Doctor of Chiropractic in March of 1969. He is now a pensioner but is still in practice, writing and

working to help other chiropractic physicians and people in general to understand the basis of

chiropractic. He has therefore published papers available to anyone on the following website:

https://palmer.academia.edu/JensAndersKjersem

*

In August 2015, Dr. Jens Anders Kjersem (the author of this article) returned to Palmer College of

Chiropractic in Iowa again and participated in the 2015 Homecoming Ceremonies. The author was

surprised to see how beautiful the Campus of Palmer University had become since he was there the last

time. Another good thing was also to observe how beautifully the City of Davenport had been cleaned up.

It had been turned into a very good-looking city with a park-like appearance along the Mississippi River.
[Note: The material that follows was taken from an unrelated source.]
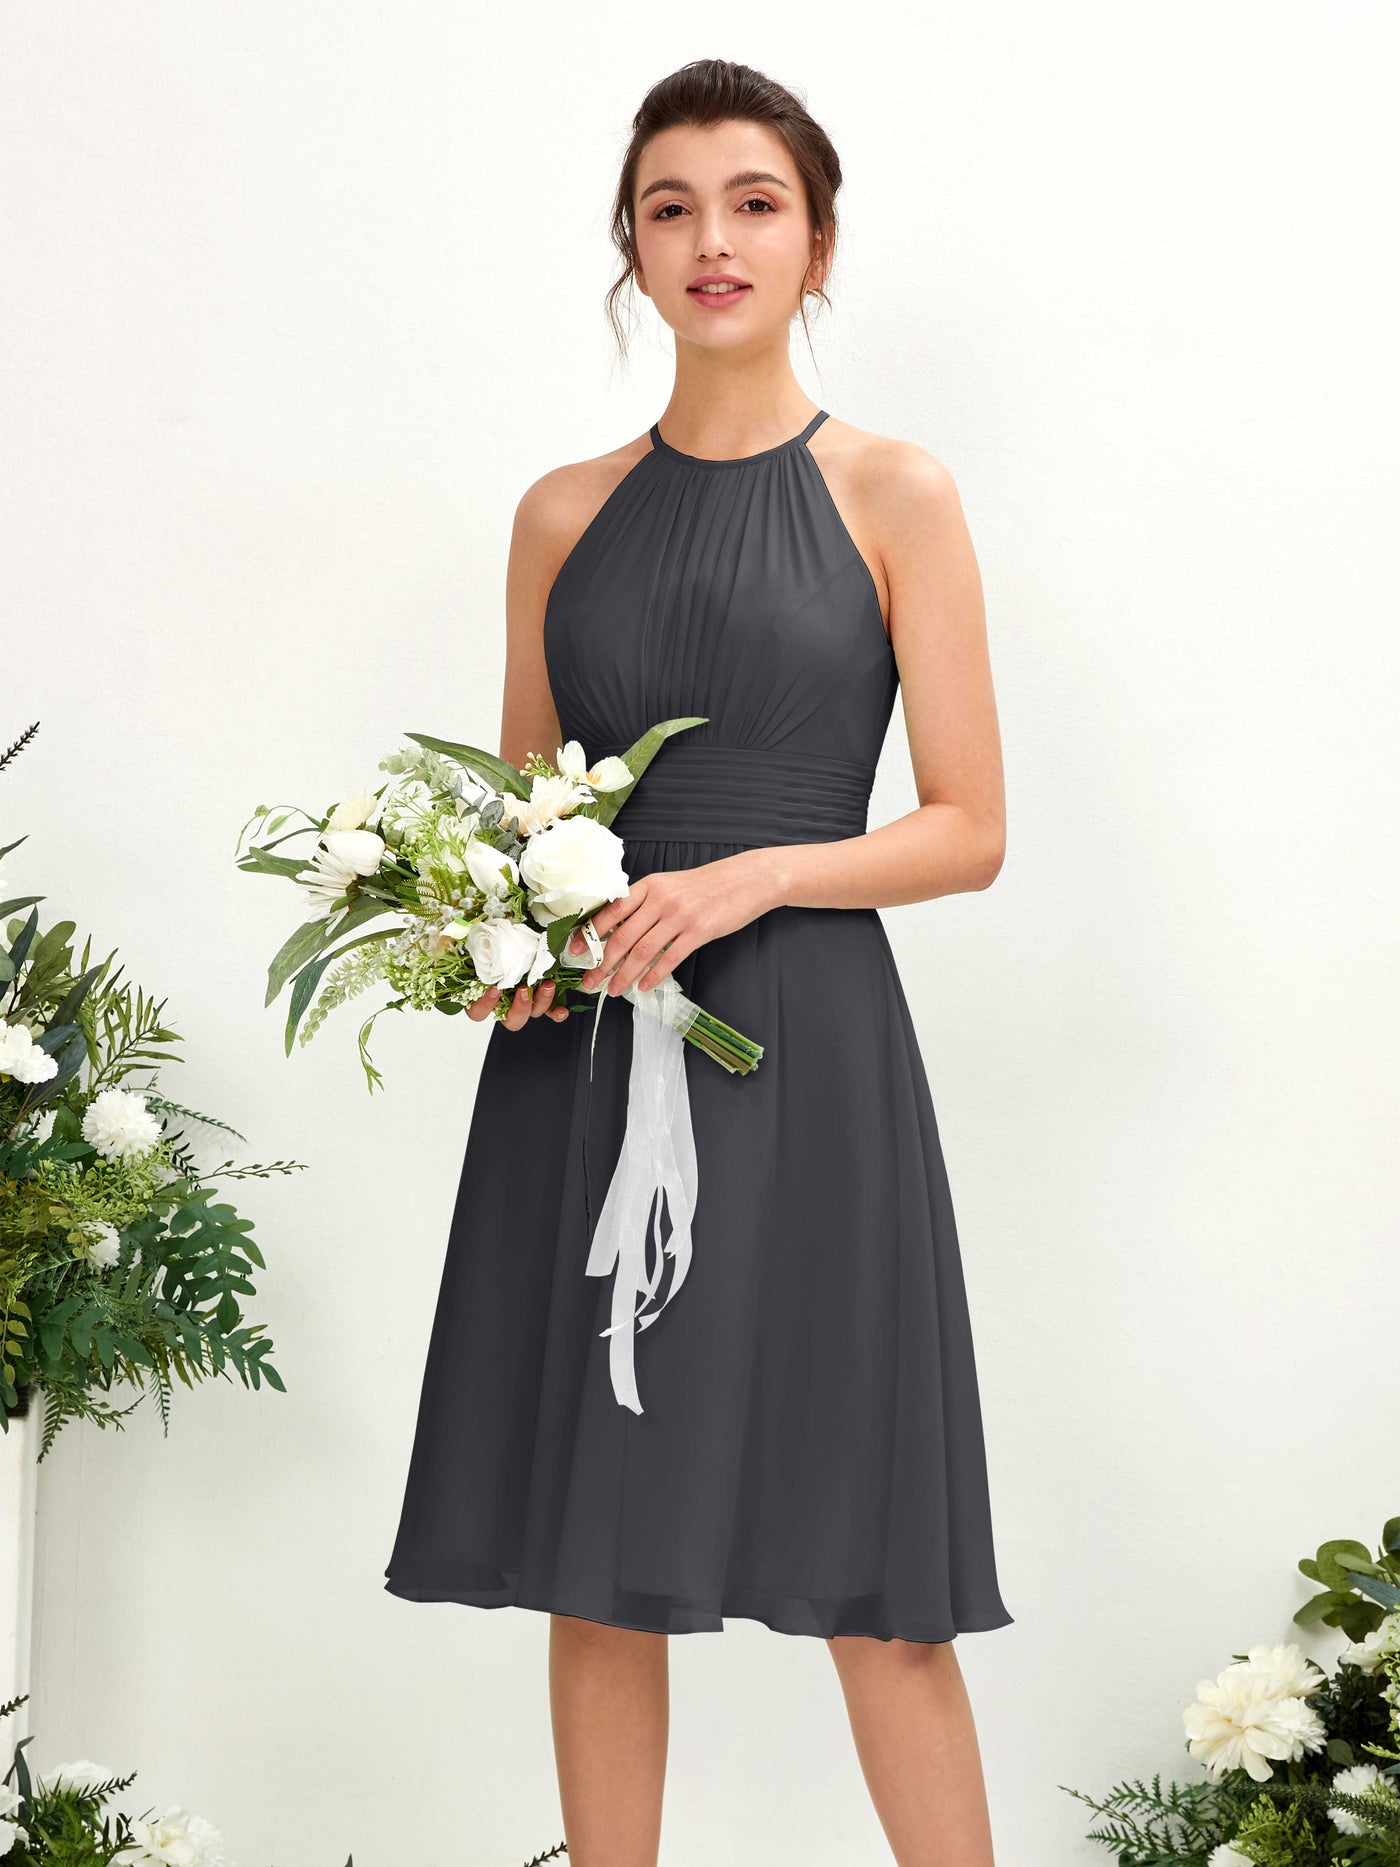 Pewter Bridesmaid Dresses Bridesmaid Dress A-line Chiffon Halter Knee Length Sleeveless Wedding Party Dress (81220138)#color_pewter

While visiting the Palmer Campus, the clinical percussion instruments, the Trigger Point Hammer (TPH)

and the TriggerCiser (TC), developed by Dr. Kjersem, were presented. During this presentation

(demonstration), the clinical findings of the 2008 Research Survey showing that all people with a

diverging TICL horizontality may assume a perfect TICL horizontality after chiropractic treatments, was

verified with the Pelvic Angle Indicator (PAI), which measures physical changes in TICL horizontality of

postural balance against gravity. As the horizontal perfection of the TICL may be a reference for

normality of optimal CNS coordination of total posture, said TICL horizontality may in point of fact

subjectively reveal physical changes in postural balance and better alignment relative to gravity before

and after chiropractic treatments.

27

Because said clinical methods and instruments are of great scientific importance for the whole

chiropractic profession, both the PAI and the percussion instruments, including their clinical methods,

ought to be investigated, verified and endorsed by scientific research. According to the findings made in

said clinical survey during the year 2008 (The 2008 Survey has been published in Proving Chiropractic),

physical measurements with the PAI, which are relative to the force of gravity, will beyond doubt prove

the postural effects produced by chiropractic therapy.
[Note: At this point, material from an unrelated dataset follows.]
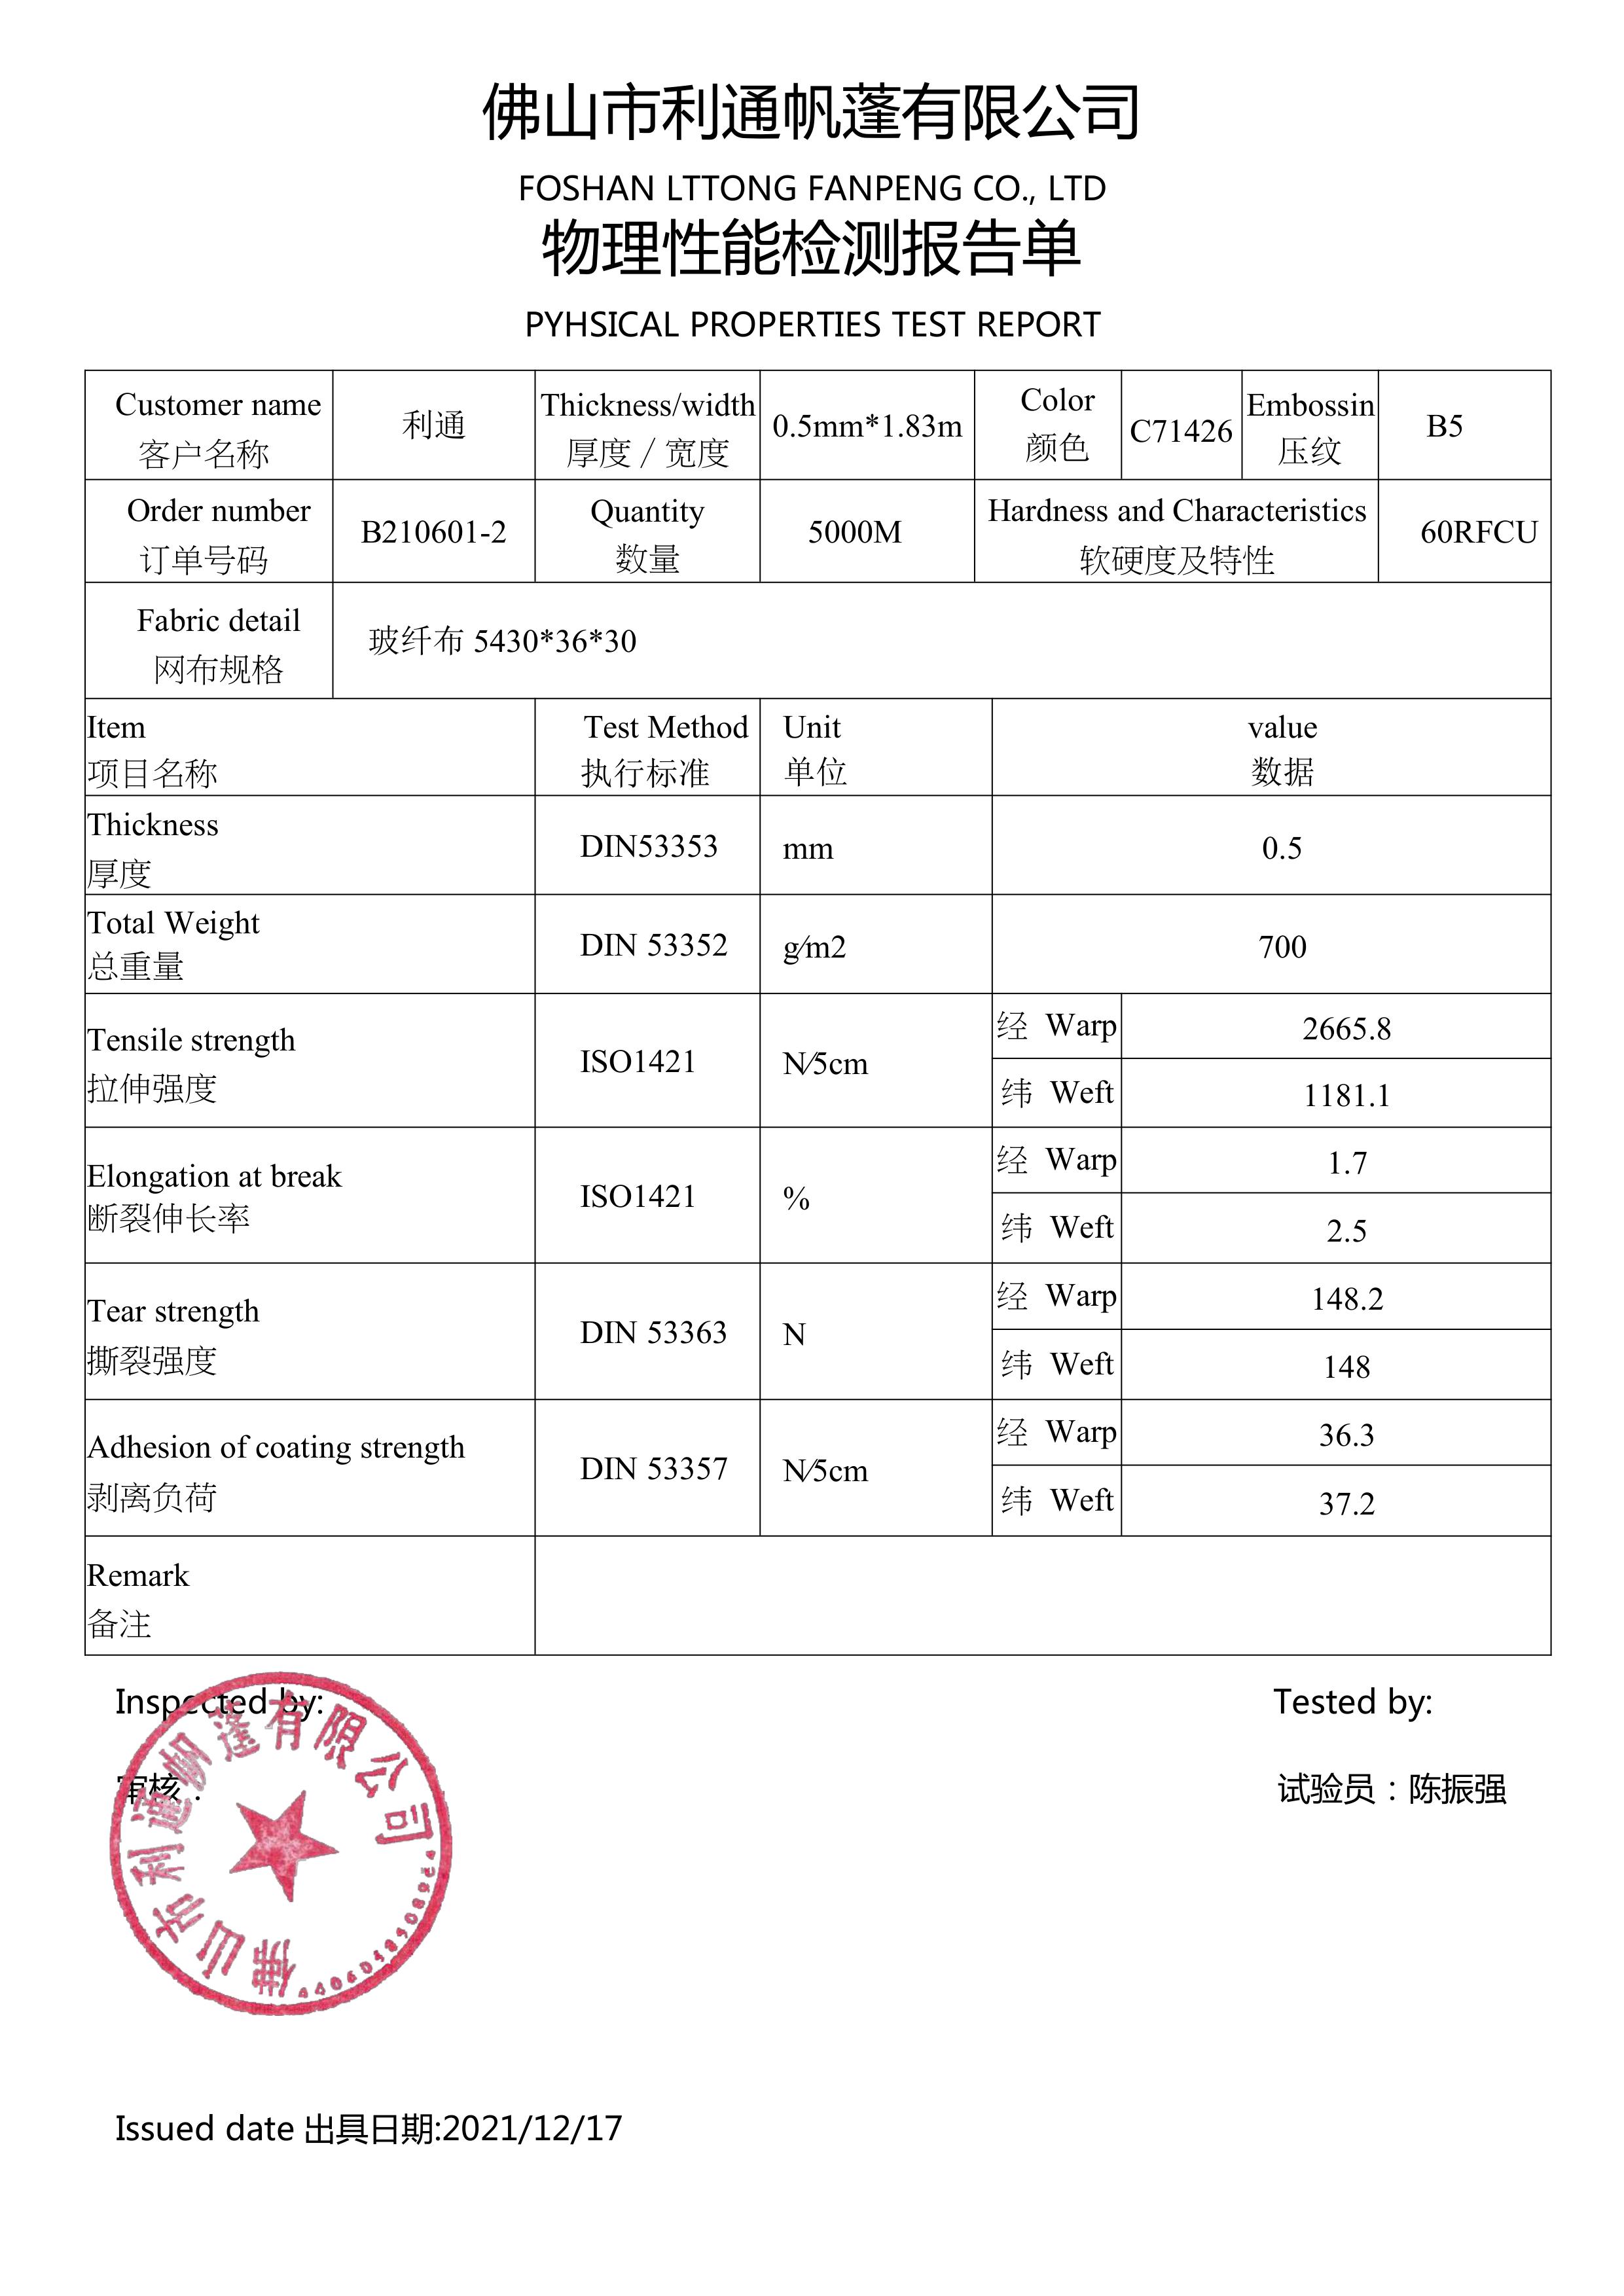 Data sheet for 0.5mm flame retardant PVC coated tarpaulin

While at the 2015 Homecoming Ceremonies at the Palmer Campus, some of the contents in this

publication, The Art of Palpation, were also presented. Although it was demonstrated that a wooden stick

effortlessly may produce an indentation in edematous tissue to observe the effects and grades of

inflammatory lesions, which are relative to the swelling of subluxations, the ability of sensing

inflammations through a wooden stick on the other hand was impossible to confirm and therefore harder

to verify scientifically. However, if future funding will become available by donations from chiropractic

physicians using this palpation procedure, scientific research of its effects may possibly be undertaken.

*

The new diagnostic and therapeutic methods, in particular the use of the PAI, may in the future make

chiropractic a world-leading prophylactic therapy providing the most efficient clinical examinations and

best treatments of postural balance, unsurpassed in treating scoliosis and reducing loads in posture.

When correct postural examinations, including the K-S Test, have been implemented in chiropractic

therapy, chiropractic physicians will no longer have to rely on poor diagnostic measurements of postures

affected by different pressures created by lying on a bench, which press normally balanced postures into

different shapes with altered measurements, thereafter resulting in poor and improper postural

corrections.

*

If chiropractic physicians, professors and college administrators listen, discuss, and talk to each other

more openly and more often, also in general avoid automatically dismissing all new therapeutic methods

not yet accepted in the set of courses at chiropractic colleges, the chiropractic profession will become the

best it has ever been.

*

28

The conclusion of this author’s visit to his alma mater and fountainhead of chiropractic is that the future

in general may be very good for the chiropractic profession if the aforementioned new methods are

evaluated and undertaken research, and thereafter if verified, is implemented into chiropractic.